Researchers at Carnegie Mellon University (CMU) have unveiled a new reinforcement learning framework called H2O – Human2HumanOid – which enables a full-sized humanoid robot to be controlled in real-time by a human using just an RGB camera. This development leads to speculation about the future of manual labour being conducted remotely.
The technology allows a humanoid robot to carry out complex tasks that currently require human intervention. Such tasks have been out of reach for autonomous robots due to their complexity. The key to this advancement is the use of reinforcement learning (RL), a type of machine learning where a robot learns from the consequences of its actions, mimicking the trial-and-error learning process seen in humans.
In contrast to traditional machine learning, RL does not necessitate human-labeled data, relying instead on a system of rewards and punishments to guide the robot’s learning process.
“H2O teleoperation is a framework based on reinforcement learning (RL) that facilitates the real-time whole-body teleoperation of humanoid robots using just an RGB camera,” said Tairan He, a lead researcher from CMU’s LeCAR (Learning and Control for Agile Robotics) Lab. “The process starts by retargeting human motions to humanoid capabilities through a novel ‘sim-to-data’ methodology, ensuring the motions are feasible for the humanoid’s physical constraints. This refined motion dataset then trains an RL-based motion imitator in simulation, which is subsequently transferred to the real robot without further adjustment.”
This method enables the researchers to use an RGB camera to capture human movements, which are then imitated by the robot, H2O, in real time.
Demonstrations captured on video show the robot performing a variety of tasks such as kicking a ball, disposing of a box, sidestepping in a boxing stance, and pushing a stroller, albeit with the unsteady gait of a toddler. According to the researchers, this is the first instance of real-time whole-body humanoid teleoperation being successfully demonstrated.
The study was detailed in a paper available on the arXiv pre-print server. Additional footage from the LeCAR Lab at CMU showcases the robot engaging in activities like punching an Amazon box with boxing gloves and celebrating with a victory salute, jumping backwards, and withstanding a kick from a human, all designed to display its robustness and versatility.

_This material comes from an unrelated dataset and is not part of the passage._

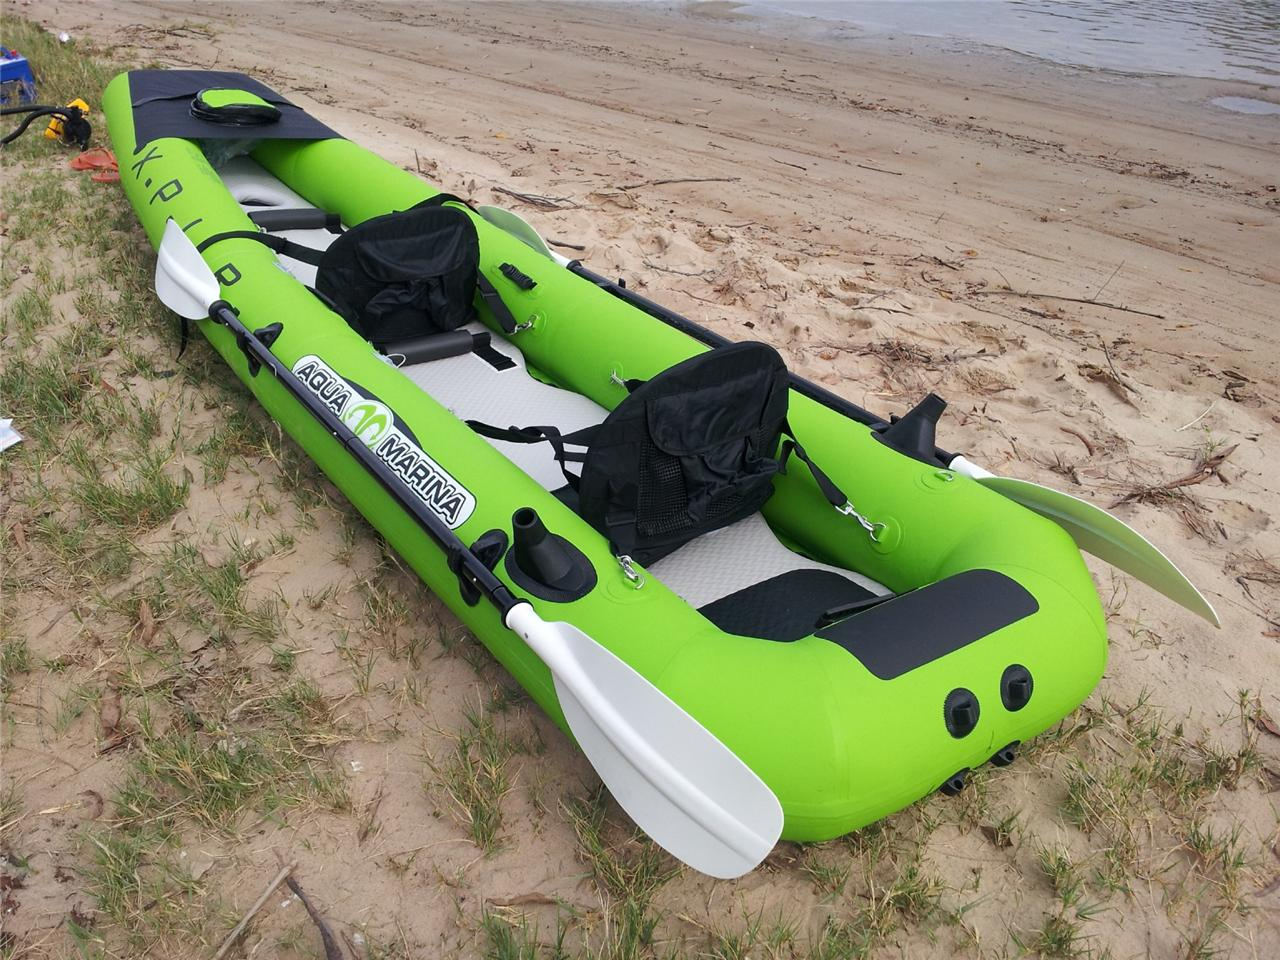 Fishing kayak canoe boat brand new inflatable 2 person for 2 seater fishing kayak

Future investigations will explore the integration of additional inputs, such as force feedback and verbal interactions, to further enhance the capabilities of H2O. One promising avenue of research involves incorporating lower-body tracking, which could enable the humanoid to replicate more intricate human activities like sports and dance.
The introduction of H2O raises compelling discussions about the potential of remote labour via teleoperated humanoids. Such technology could maintain human employment by assigning dangerous or inaccessible tasks to robots. However, concerns arise about job offshoring and the gradual shift towards fully autonomous robots, which could potentially displace human workers.
A study in 2022 examined public sentiment towards teleoperated robots in labour roles, revealing an openness to remote work even if it offers lower pay. This reflects the ongoing evolution and debate in the field of AI and robotics, where the implications of new technologies continue to unfold.